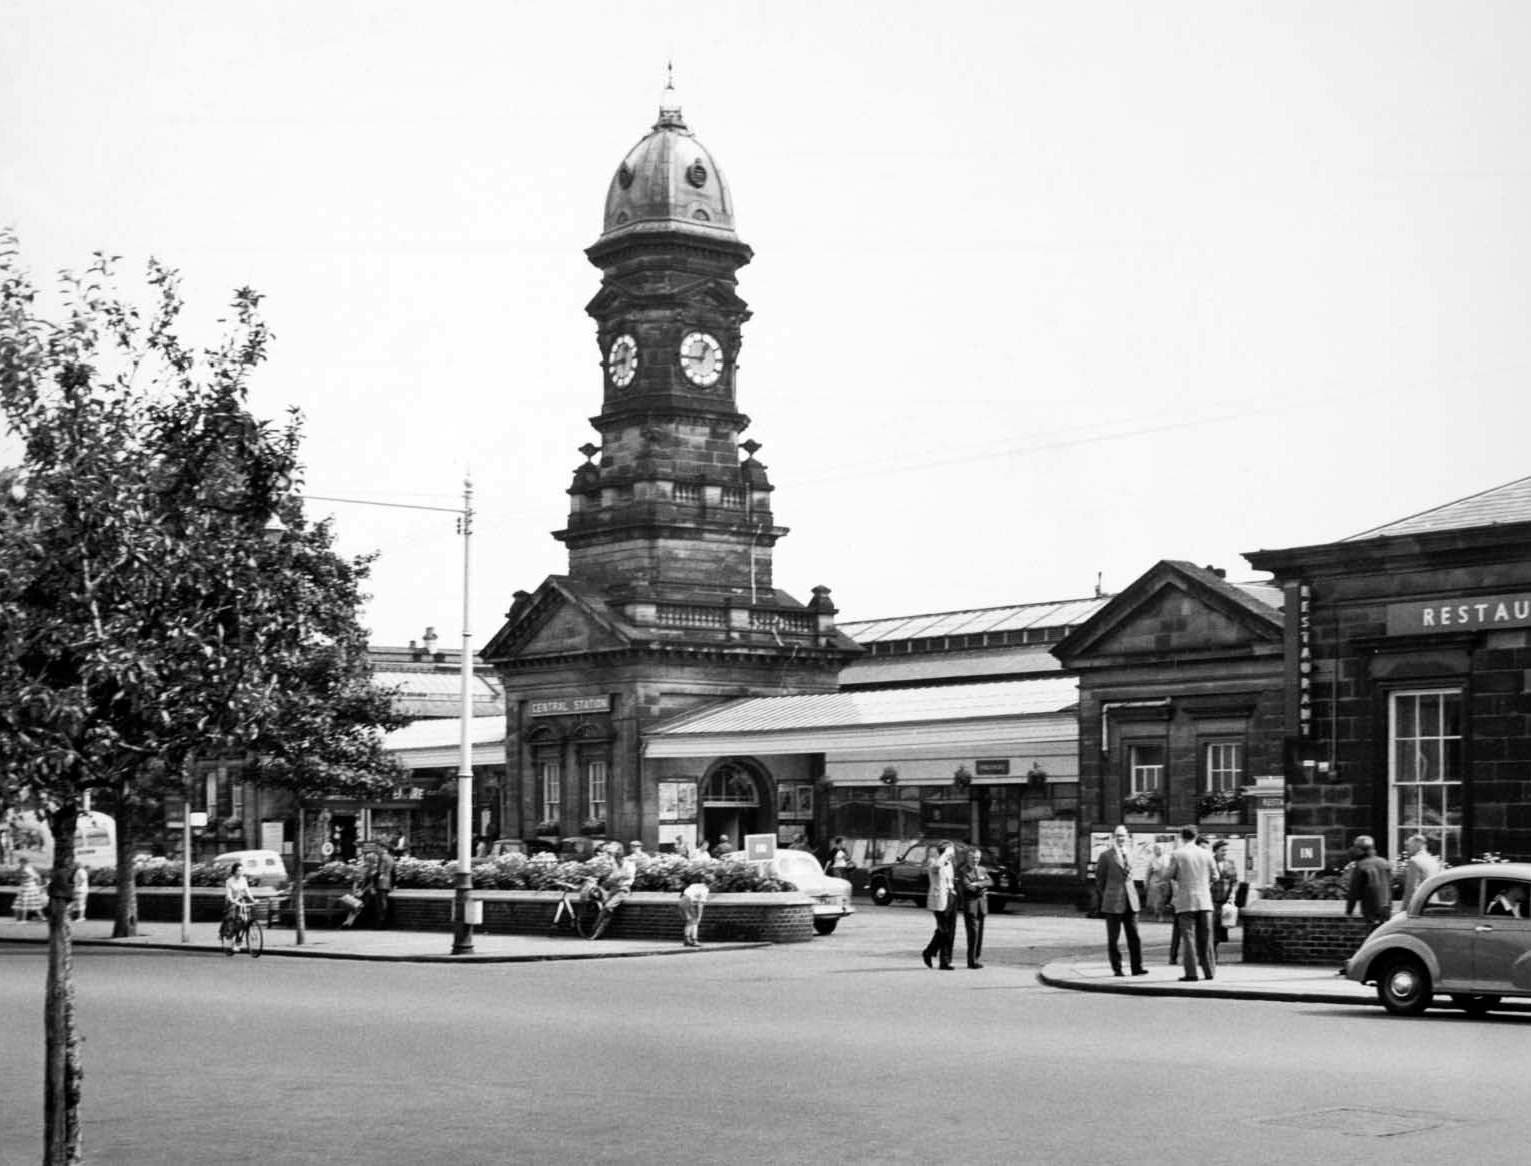 The outside of Scarborough station in 1958.
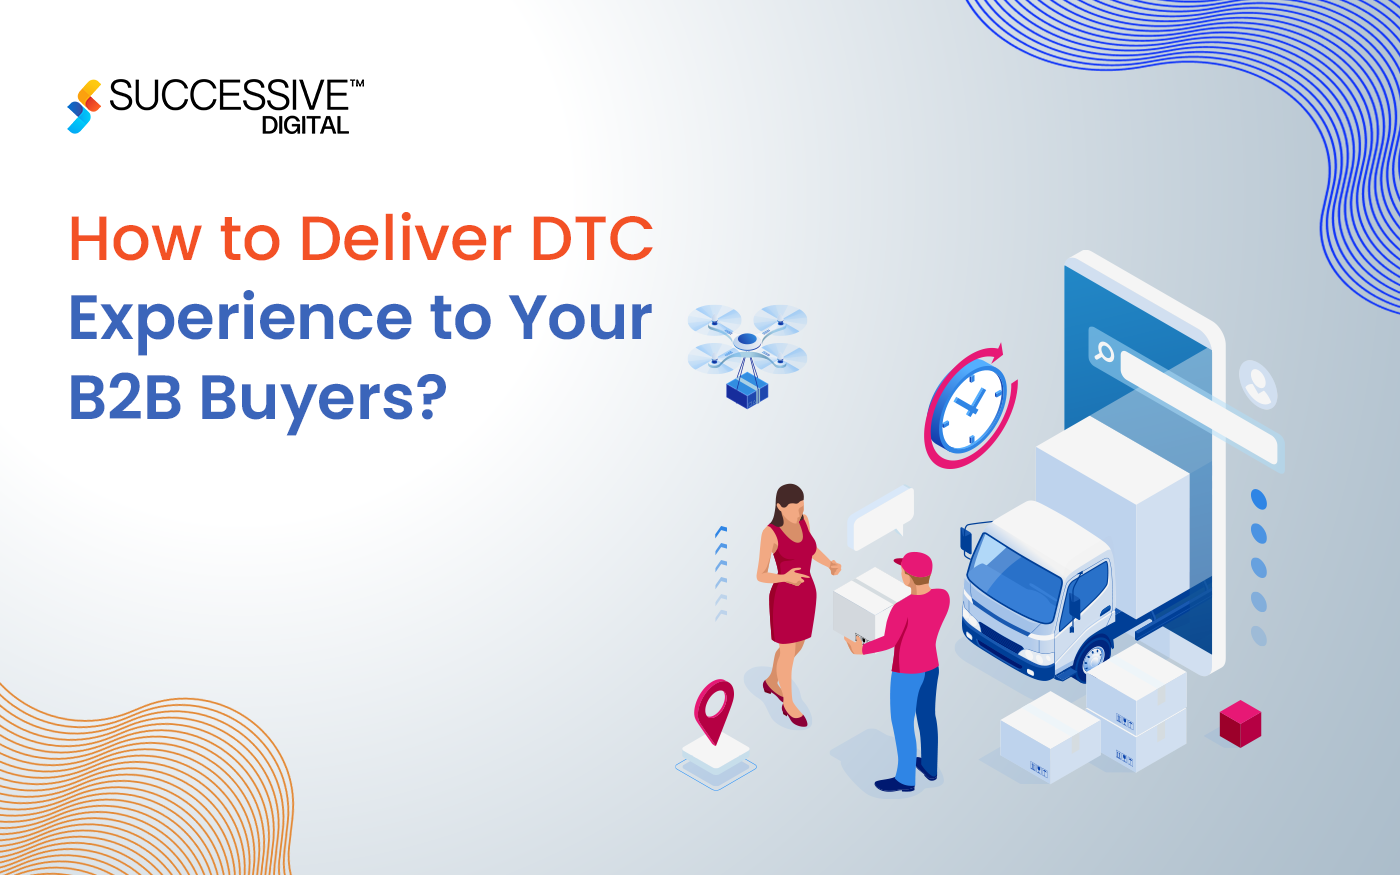 How to Deliver DTC Experience to Your B2B Buyers?
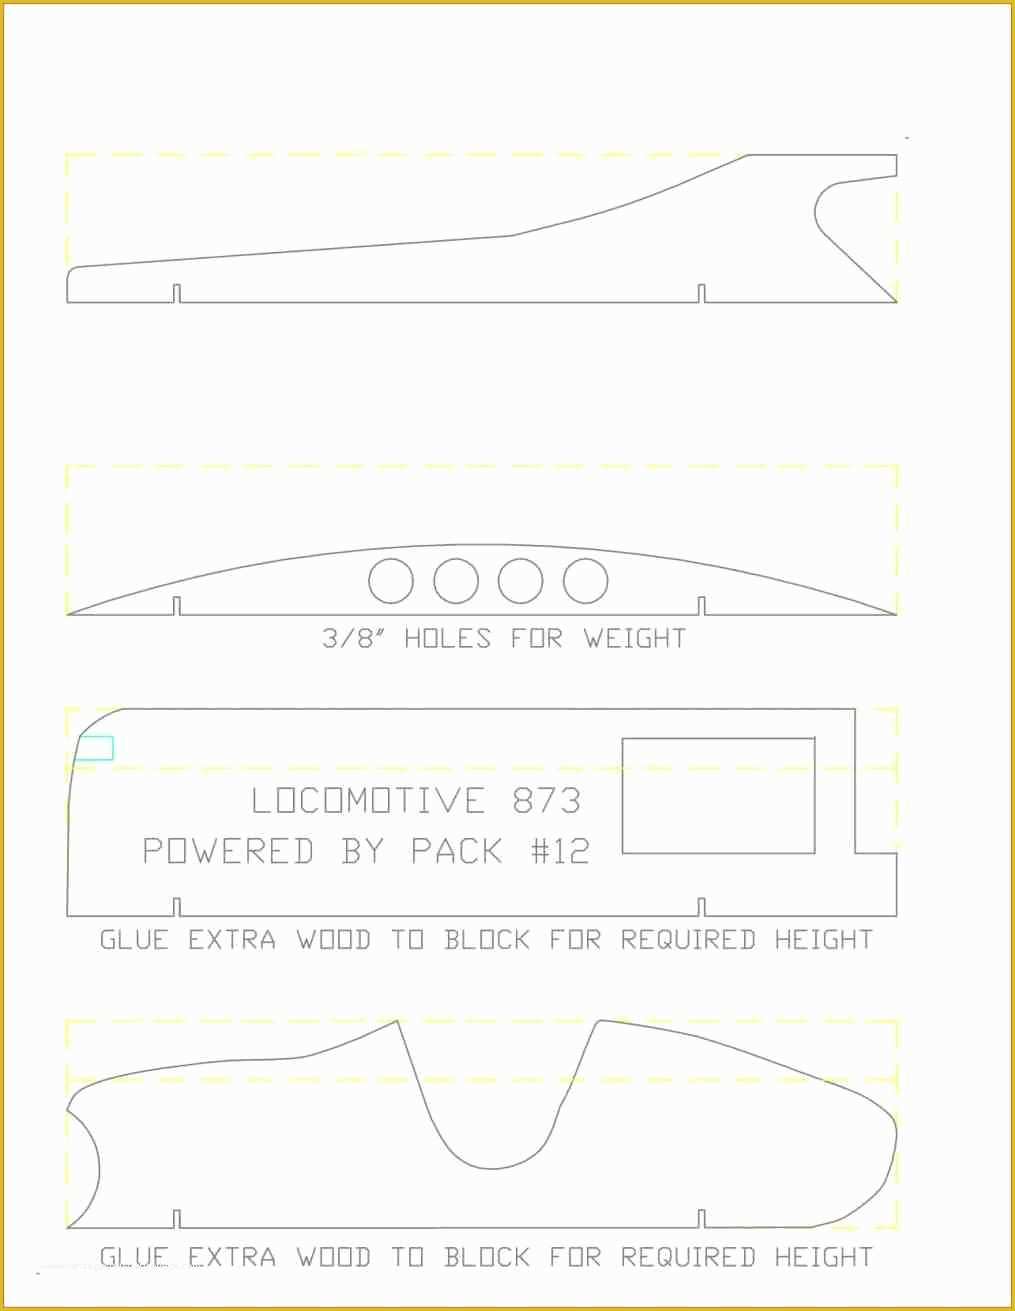 Free Pinewood Derby Car Templates Download Of Templates sop Example Images Of Fish Car Template Pdf
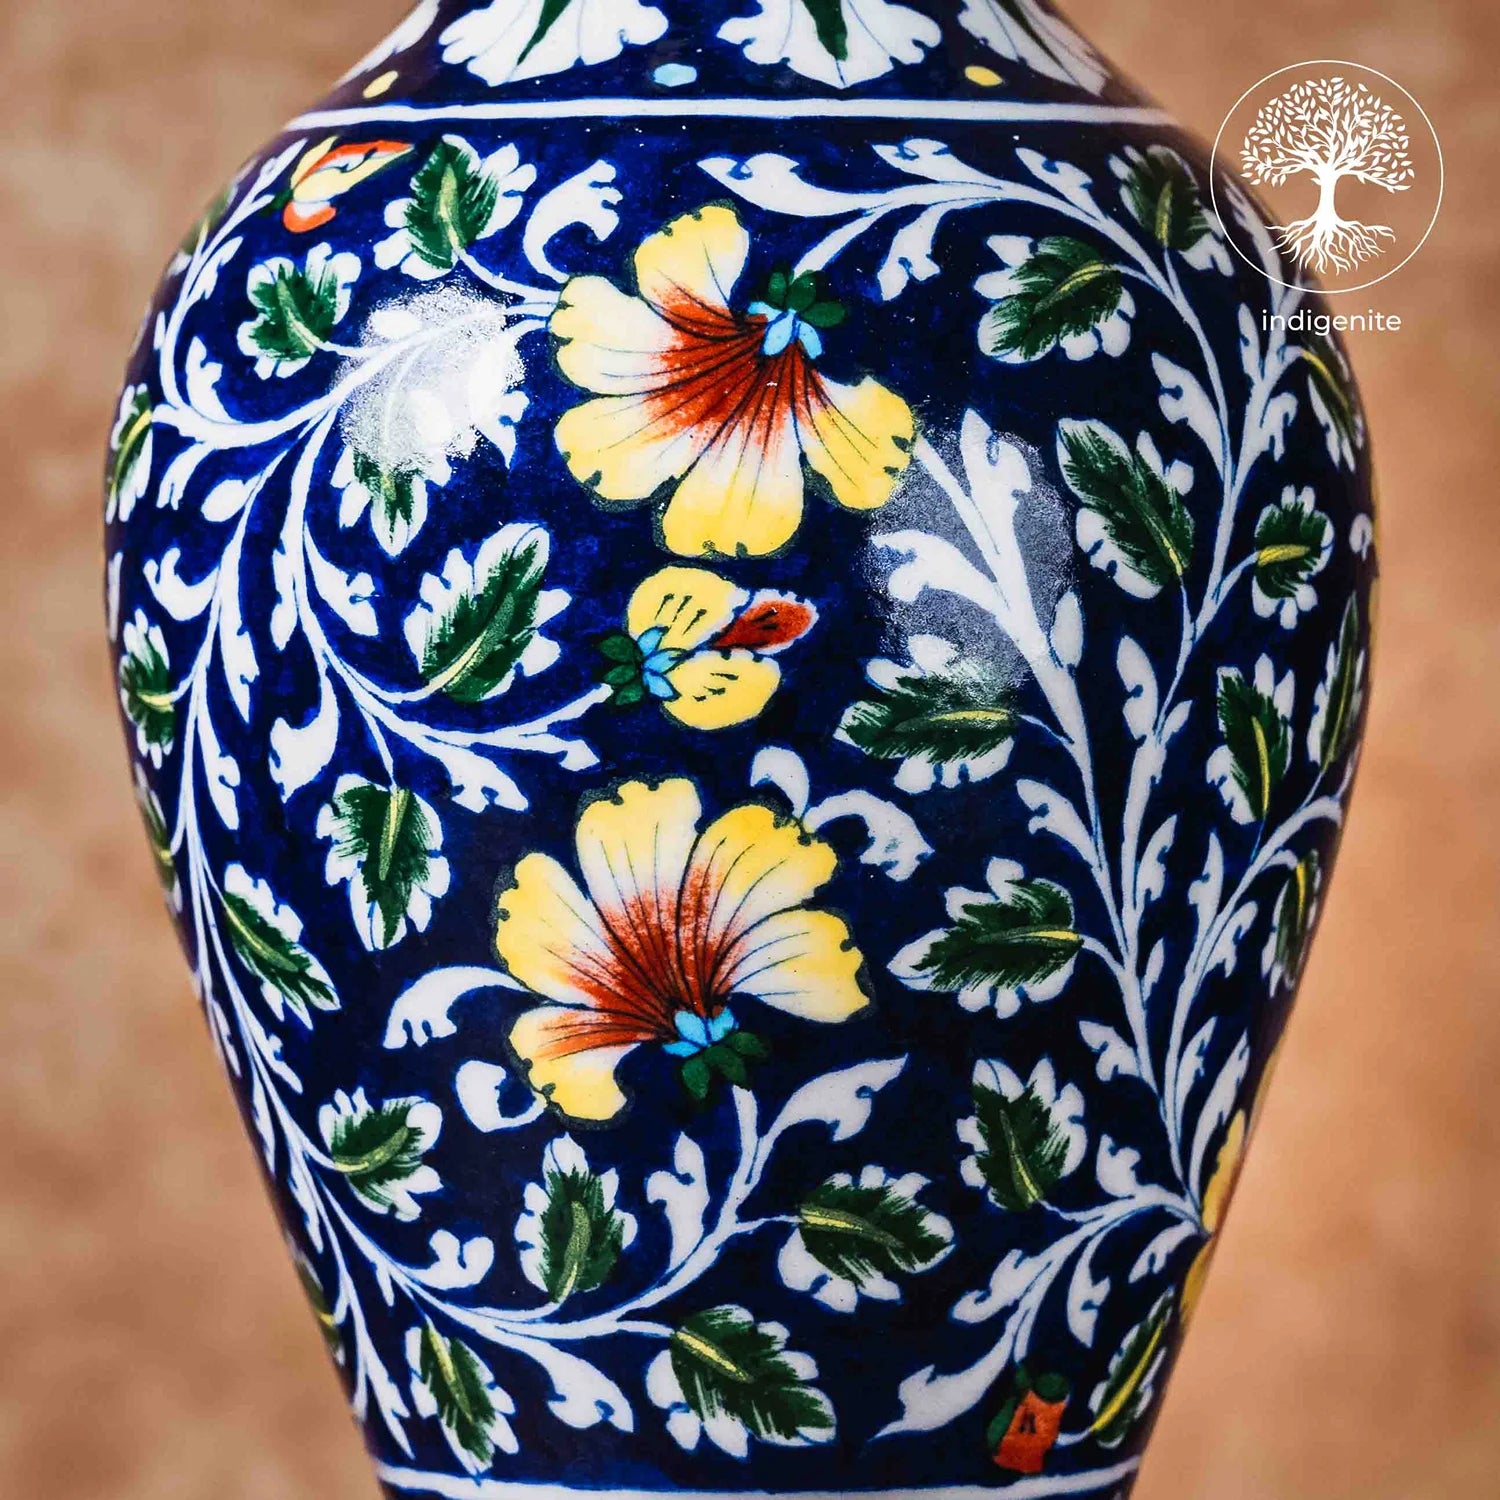 Midnight Blue and Colorful Floral Vase 11.5 Inch - Jaipur Blue Pottery
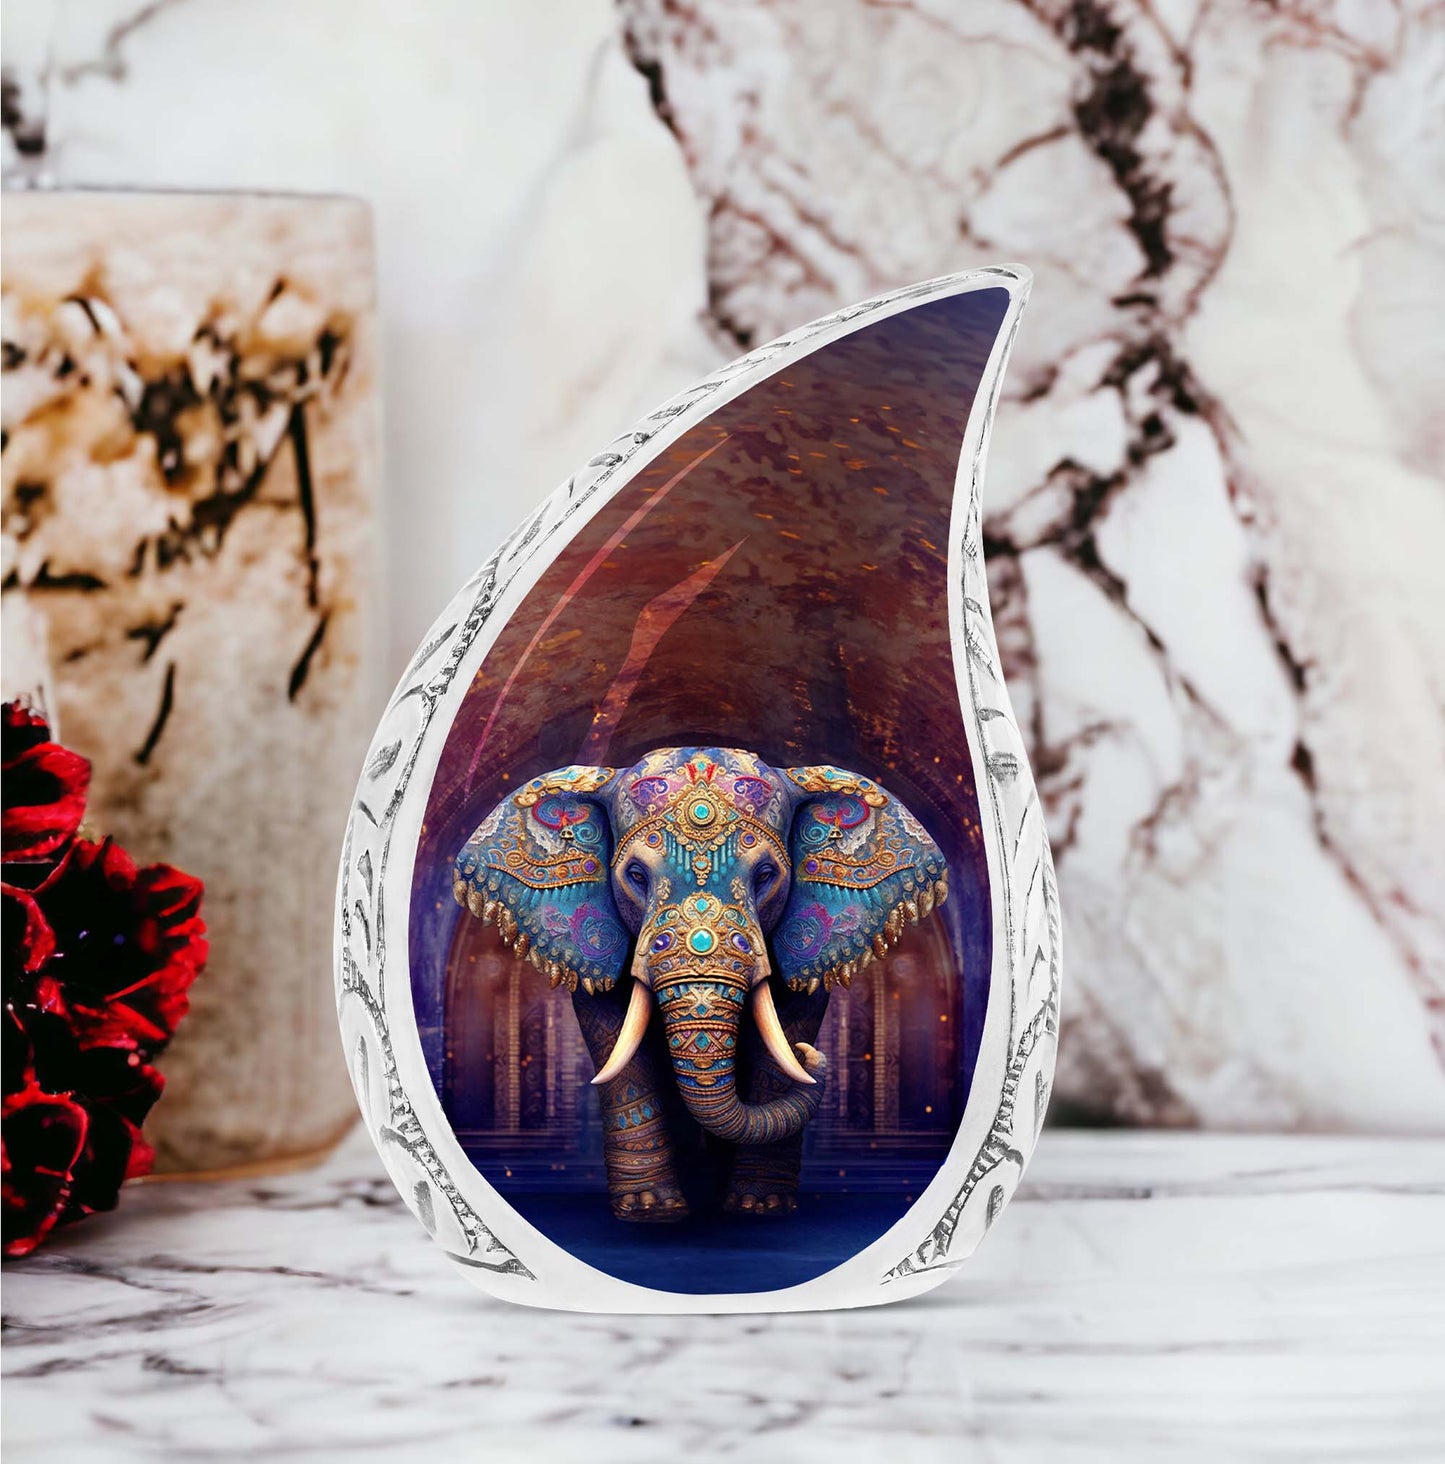 Large Elephant-themed urn, intricately patterned, for adult human ashes, ideal for burial

§ **Instructions to follow**
Only the lines from the one containing "Midnight Blue and" through the final line of the entries belong in the copy, both ends included. Pictures stay out.

§ **Output for this exercise**
 Midnight Blue and Colorful Floral Vase 11.5 Inch - Jaipur Blue Pottery
 Large Elephant-themed urn, intricately patterned, for adult human ashes, ideal for burial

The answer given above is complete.